I like to find information about how people train and tune models using various sources and tag generation tools. This helps to isolate a lot of the obscure issues. Some really helpful negative tags are: ai generated, source unknown, cartoon, NPC, anime, render, practice, noise, almost, plastic, deep fake, Photoshop, overlay

However, tags like these are more common in mixed media that include art. You can often get better results from describing the subject without tags using plain English. All of the alignment issues are also real world adjacent. You can often get better images if you negative out: creepy face, Guy Fawkes mask, clown, stone eyes, roll eyes, morality.

In the positive, you really need to know what datasets and tags were used in training to effectively make keyword terms. However, it really helps to explore a more scientific definition of the human body and what beauty really is. Terms can help like: neoteny, symmetry, small nose mouth brow, big eyes, forward slant face, small joints, delicate, Tanner Stage 5 physical development

You might also add, healthy weight, to the negative as there is a baked in bias. Some models also lock up some aspects of generation behind forbidden fruit which can pull out some aspects in the positive.

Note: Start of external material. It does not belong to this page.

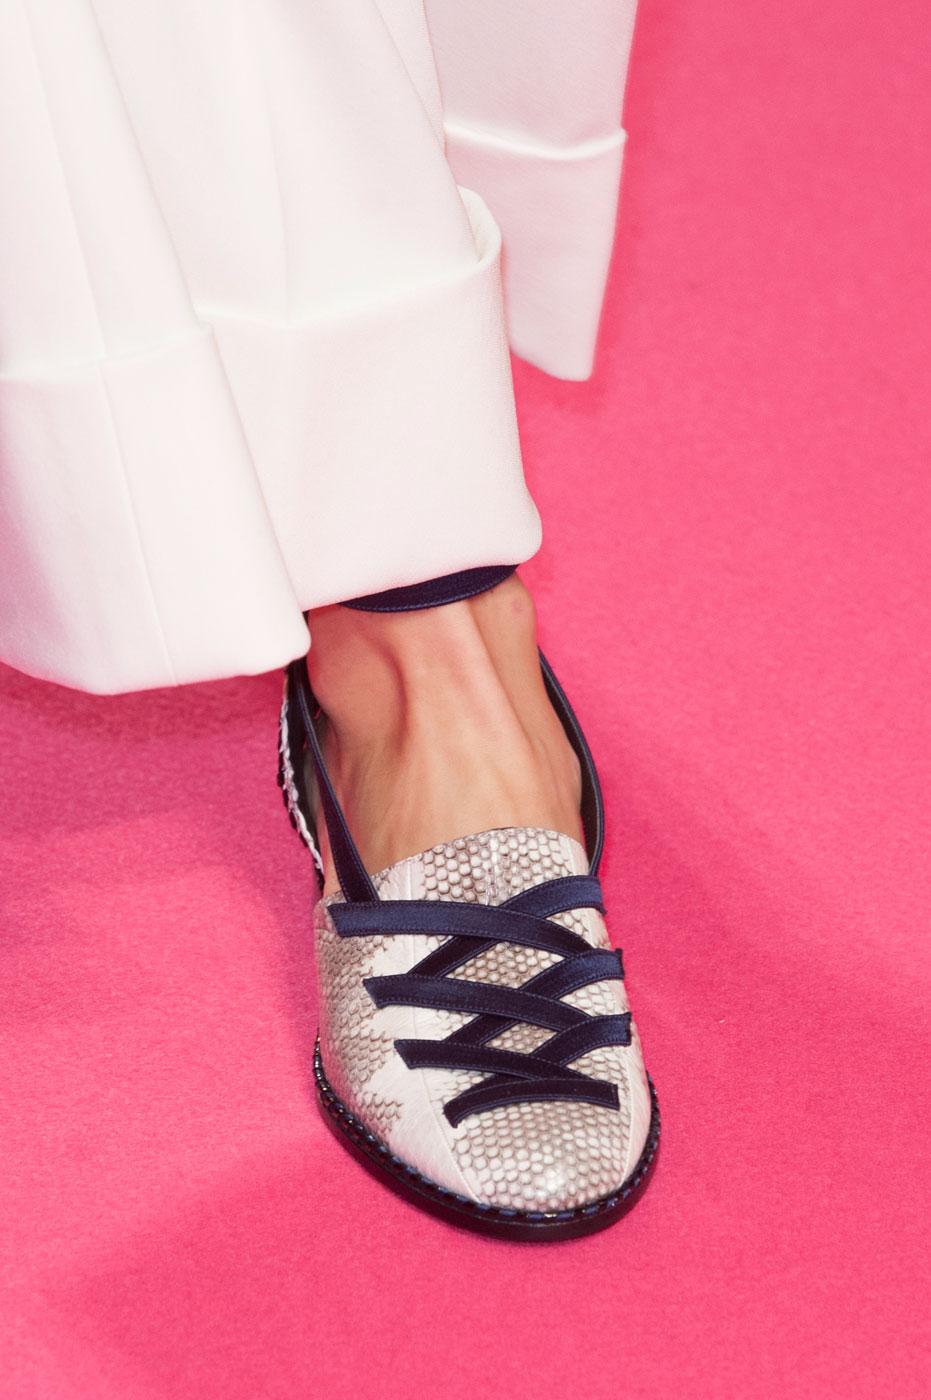 Schiaparelli-fashion-runway-show-close-ups-haute-couture-paris-spring-summer-2015-the-impression-10
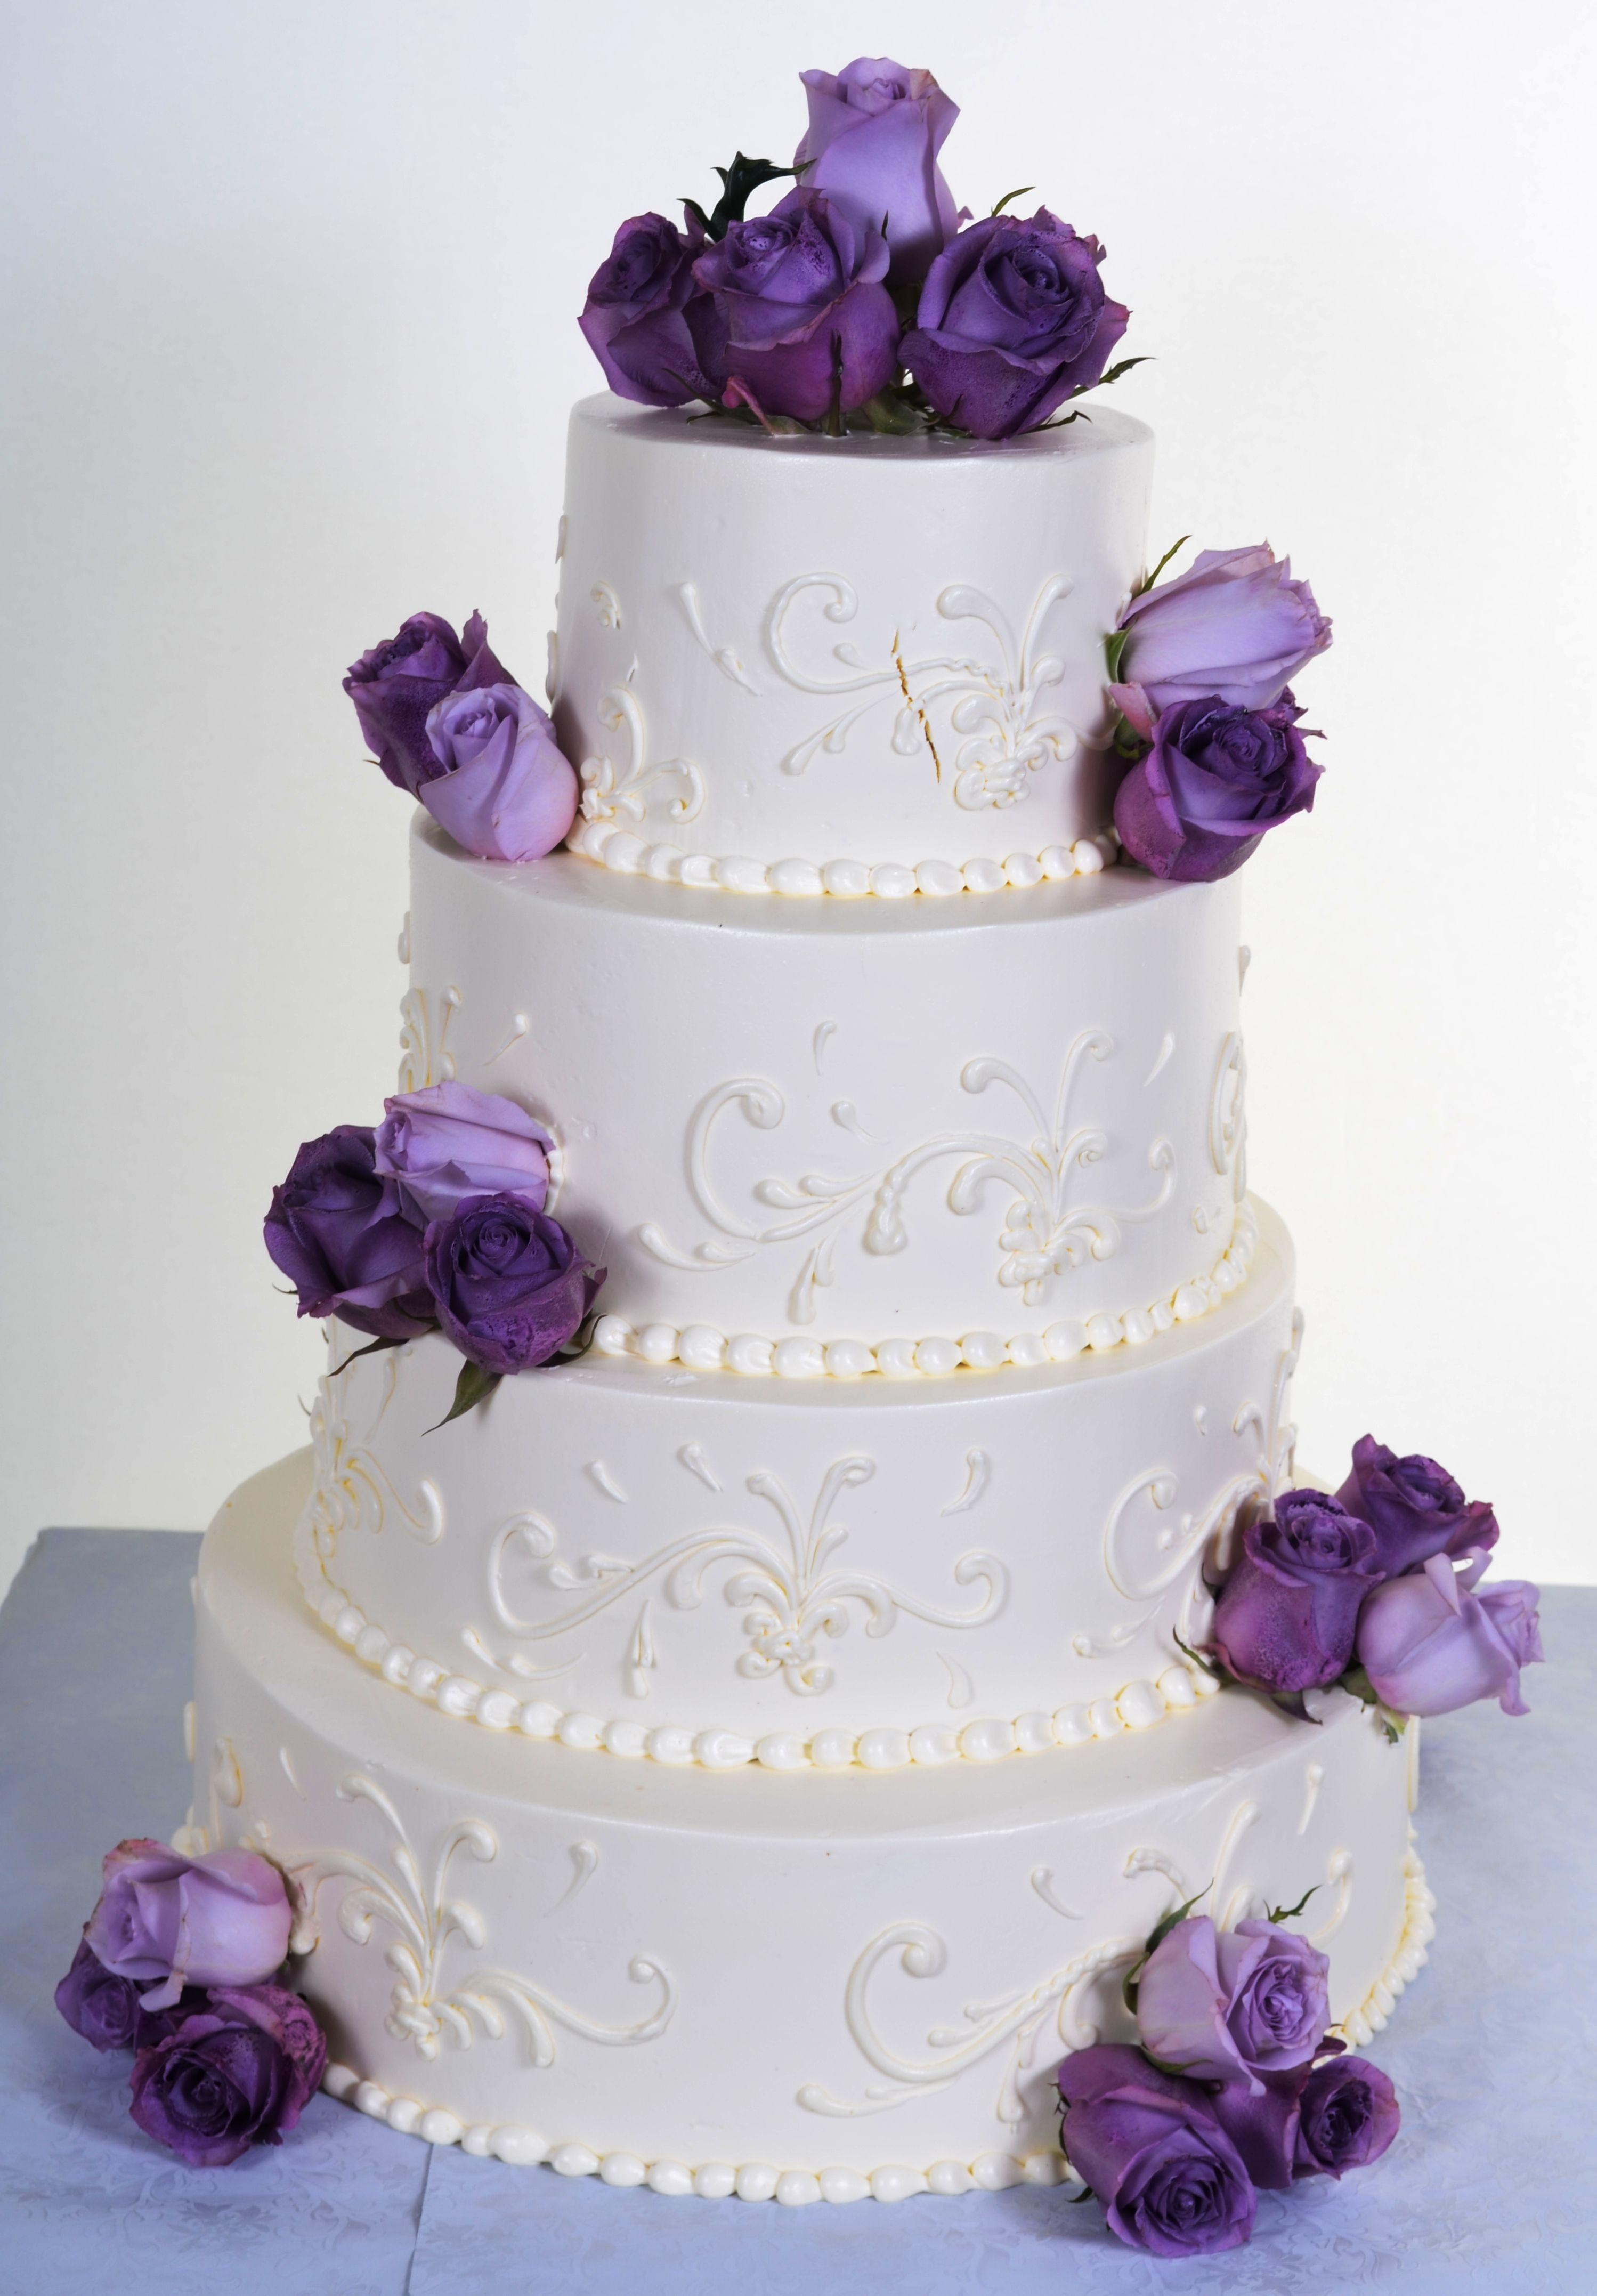 Pastry Palace Las Vegas - Wedding Cake #813 – White On White – With ...

A lot of this gets into underage adjacent territory which can make some people uncomfortable, and for that I apologise. That isn’t my intent. The more scientific definition of beauty based on blind testing follows neoteny in humans which is the retention of some juvenile features such as big eyes and a small mouth and nose. These feature sets apply to both sexes. These juvenile features are often what is triggering alignment layers to obfuscate and create oddball outputs. Most uncensored models struggle with this too. Even something like Pony Realism or Flux models will steer the output towards a more rendered cartoon as the output begins to get flagged by the alignment bias layers. If you want to avoid this behavior in a more deterministic way, you really need to understand the scope of alignment bias.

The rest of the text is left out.